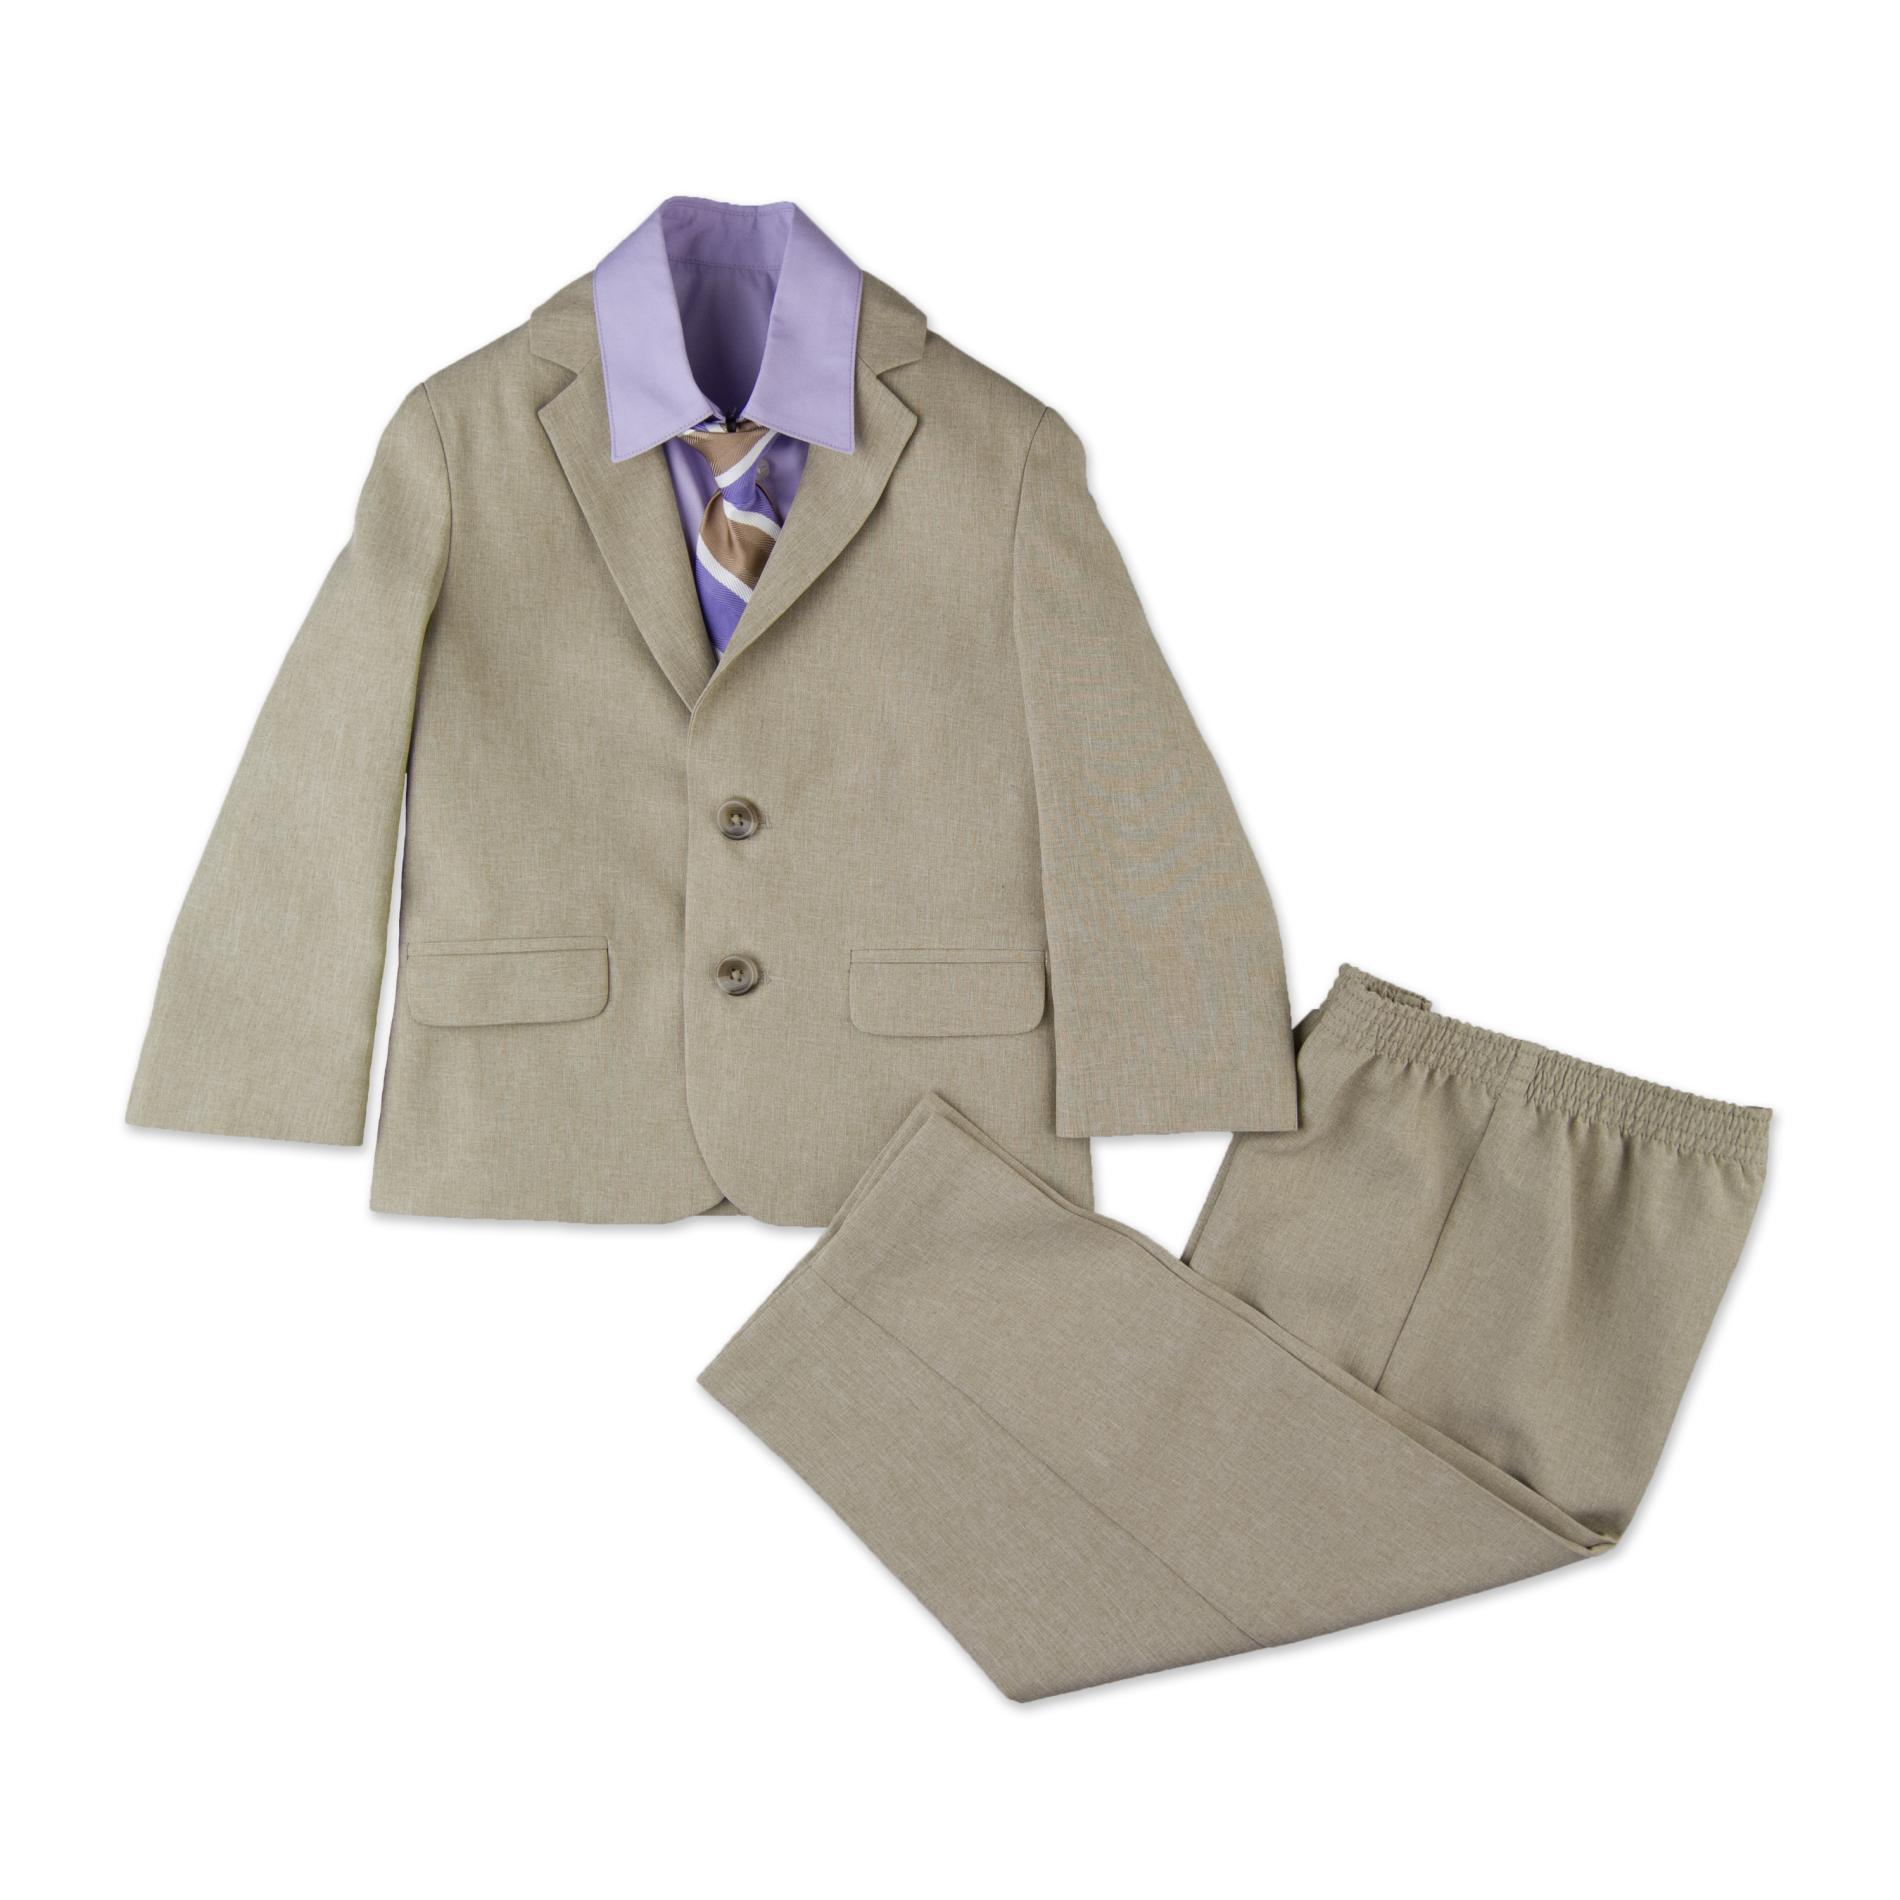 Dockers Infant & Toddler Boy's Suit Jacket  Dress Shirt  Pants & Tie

+===+

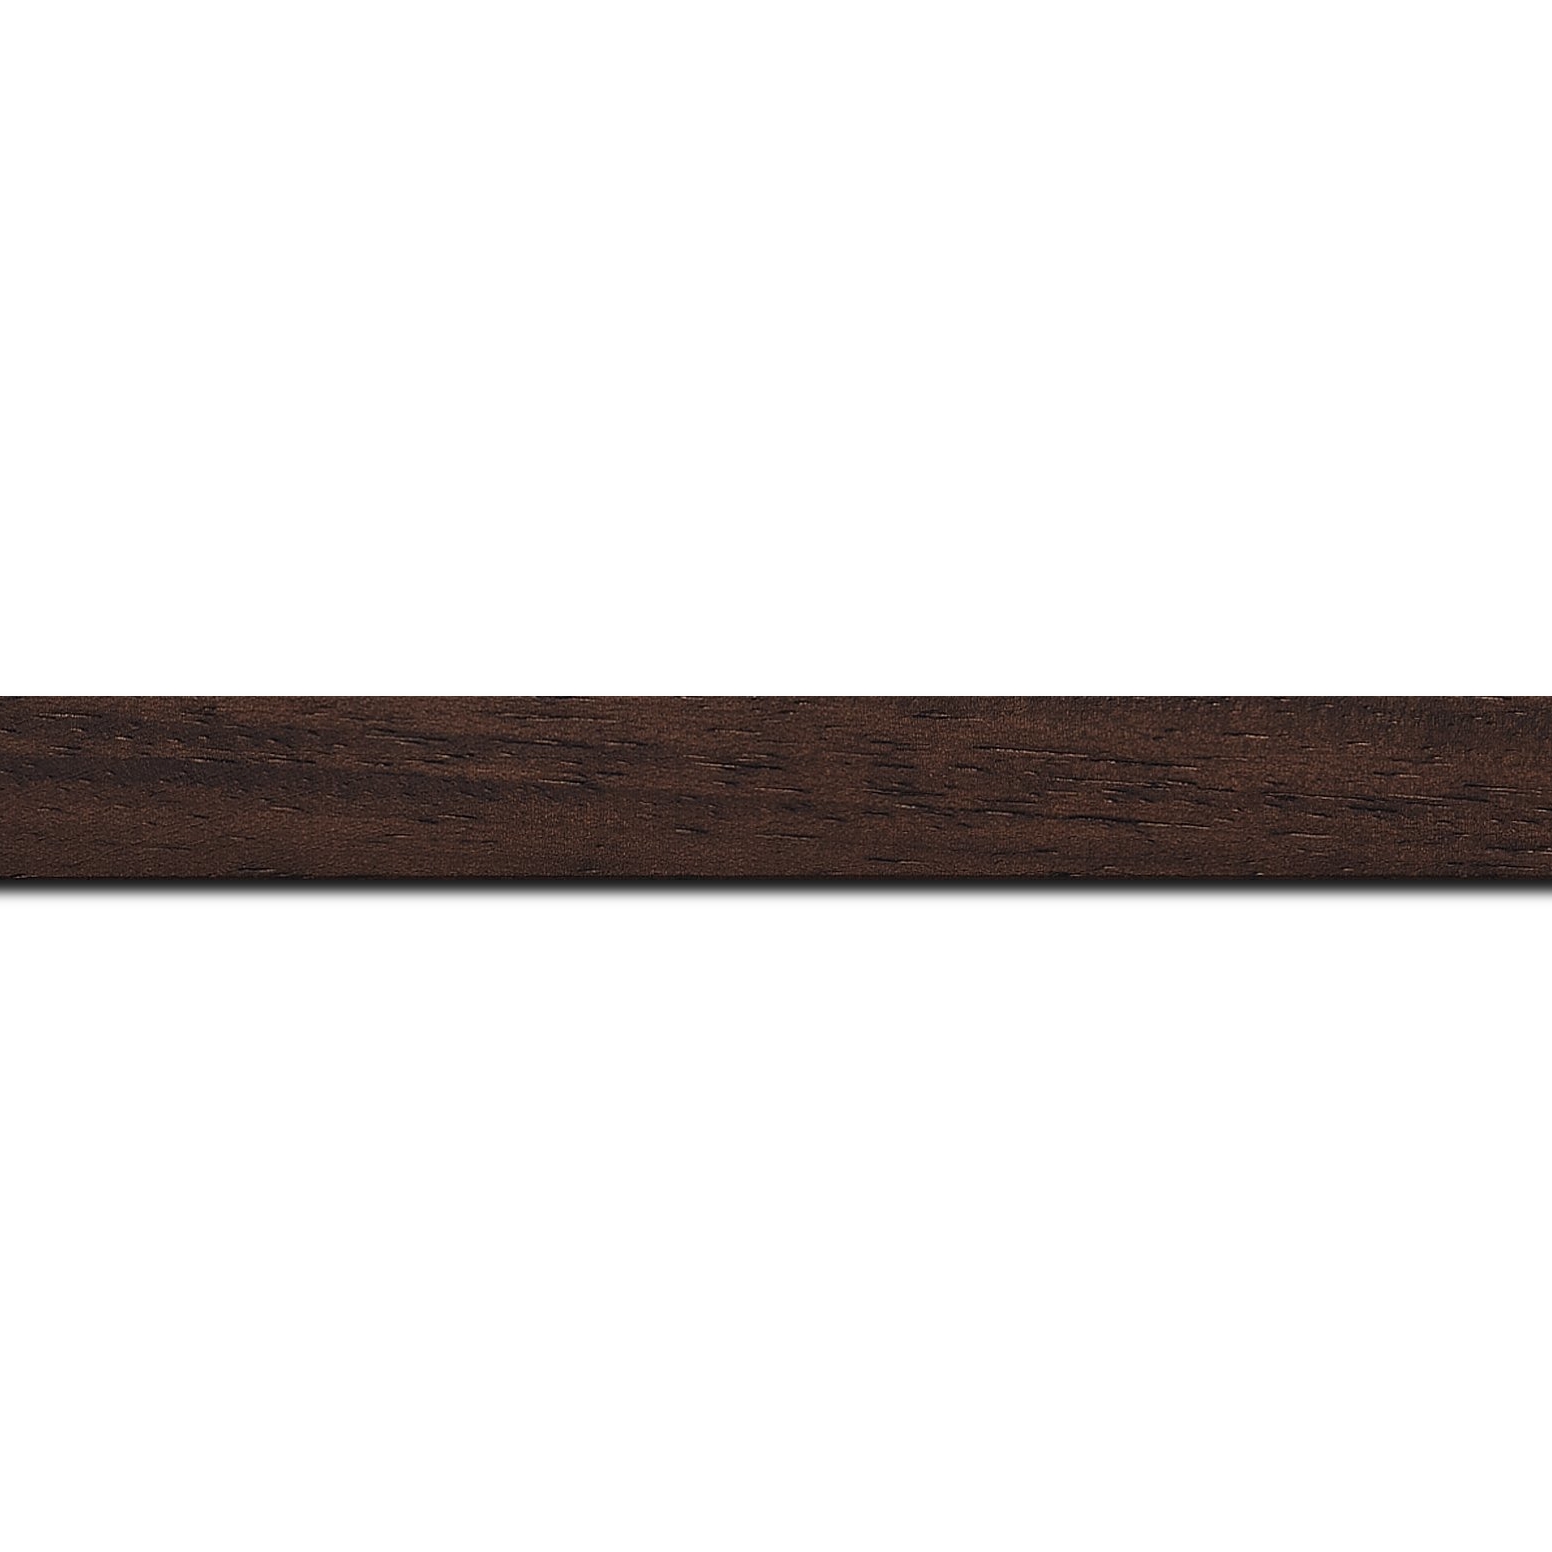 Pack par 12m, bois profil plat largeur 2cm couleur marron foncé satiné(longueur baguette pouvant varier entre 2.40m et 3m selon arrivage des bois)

+===+

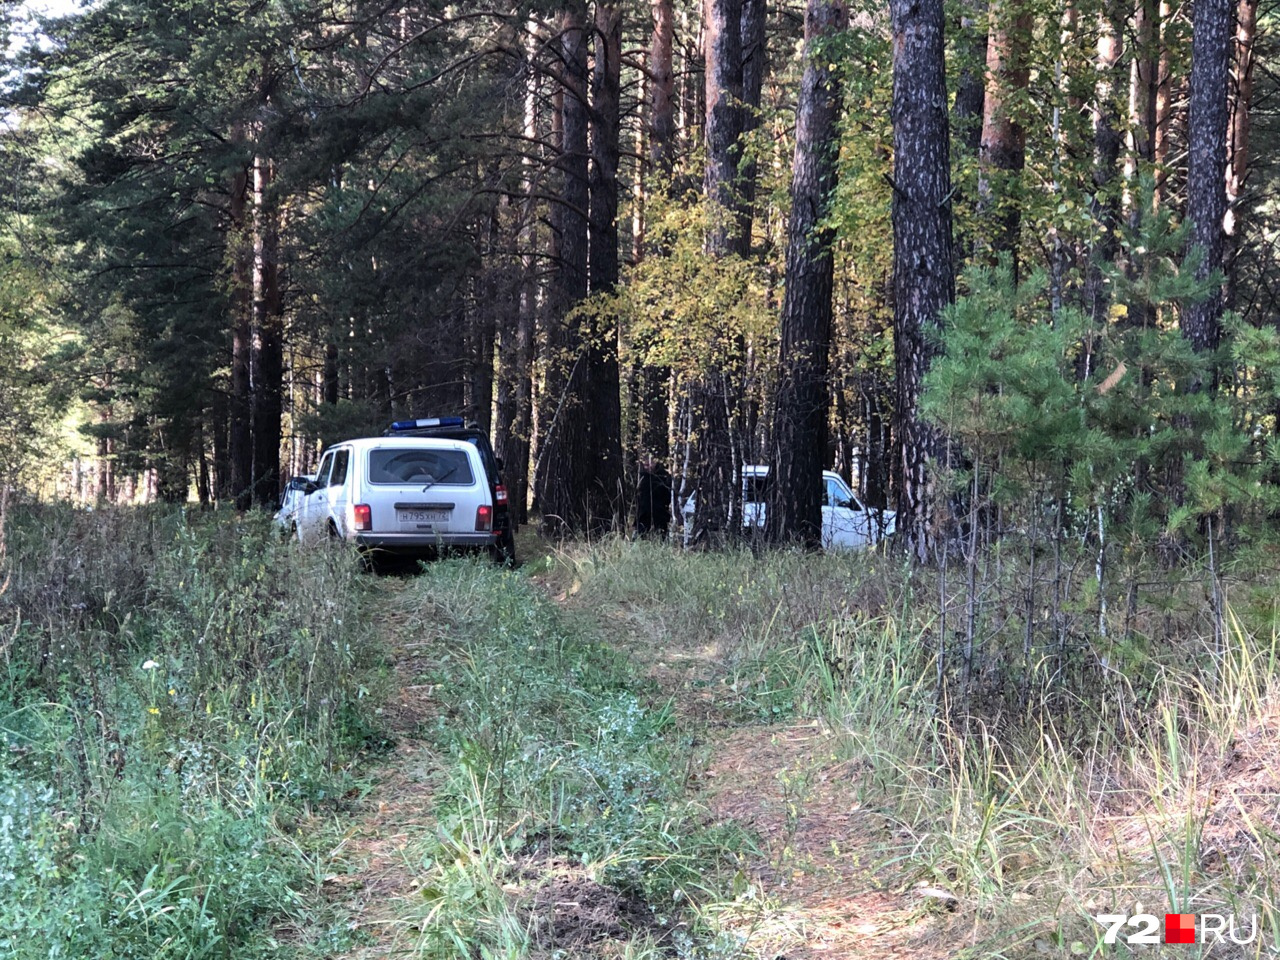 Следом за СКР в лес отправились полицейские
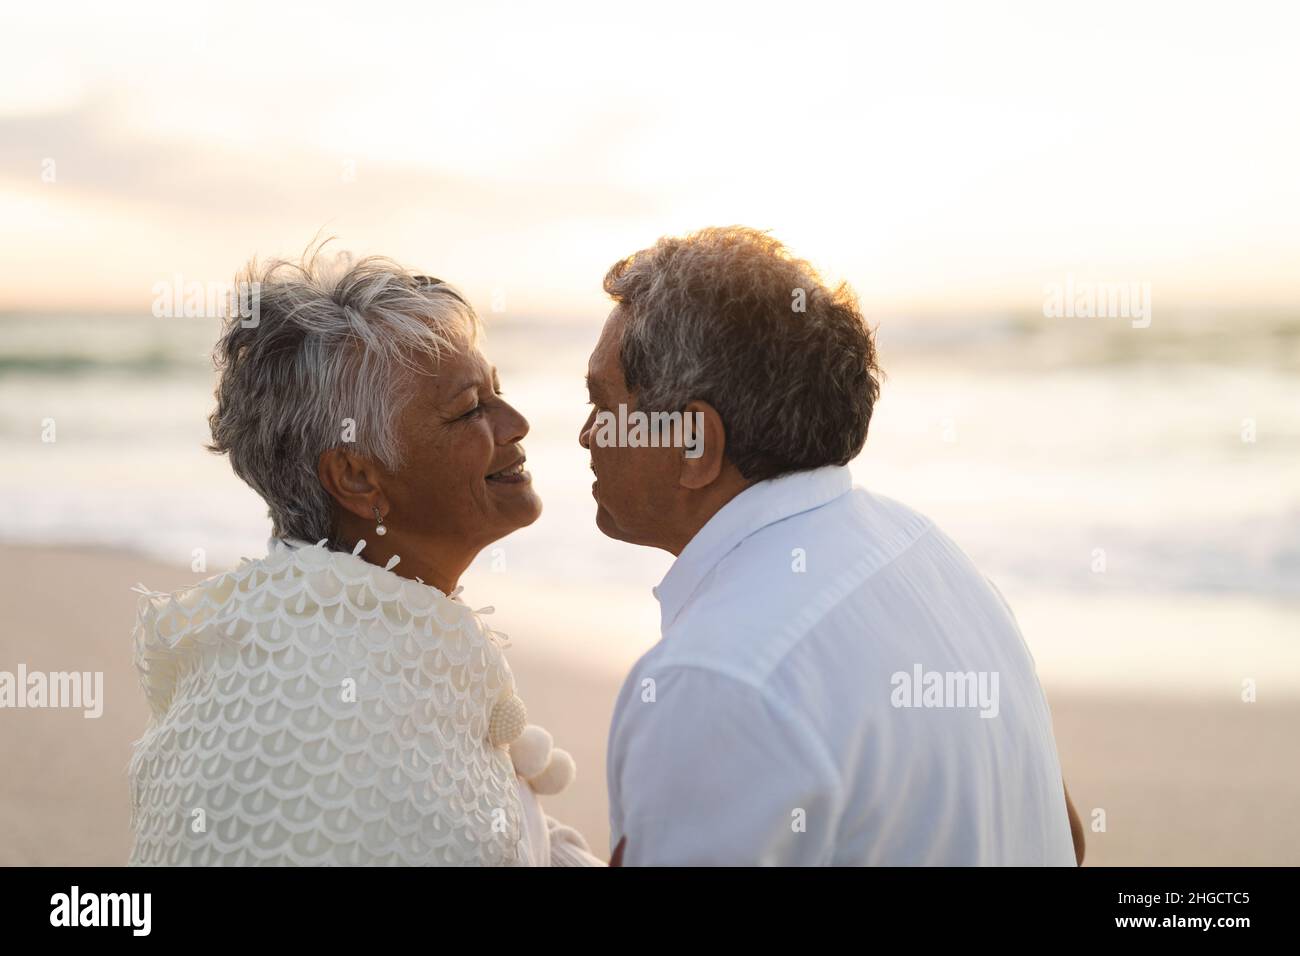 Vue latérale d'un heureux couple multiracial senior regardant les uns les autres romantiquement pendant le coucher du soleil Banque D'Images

+===+

Task objective>
From the data above, return exactly the lines from the one with "Следом за СКР в лес отправились полицейские" up to and including the one with "Vue latérale d'un". Pictures do not go in the copy.

Output>
 Следом за СКР в лес отправились полицейские
 Vue latérale d'un heureux couple multiracial senior regardant les uns les autres romantiquement pendant le coucher du soleil Banque D'Images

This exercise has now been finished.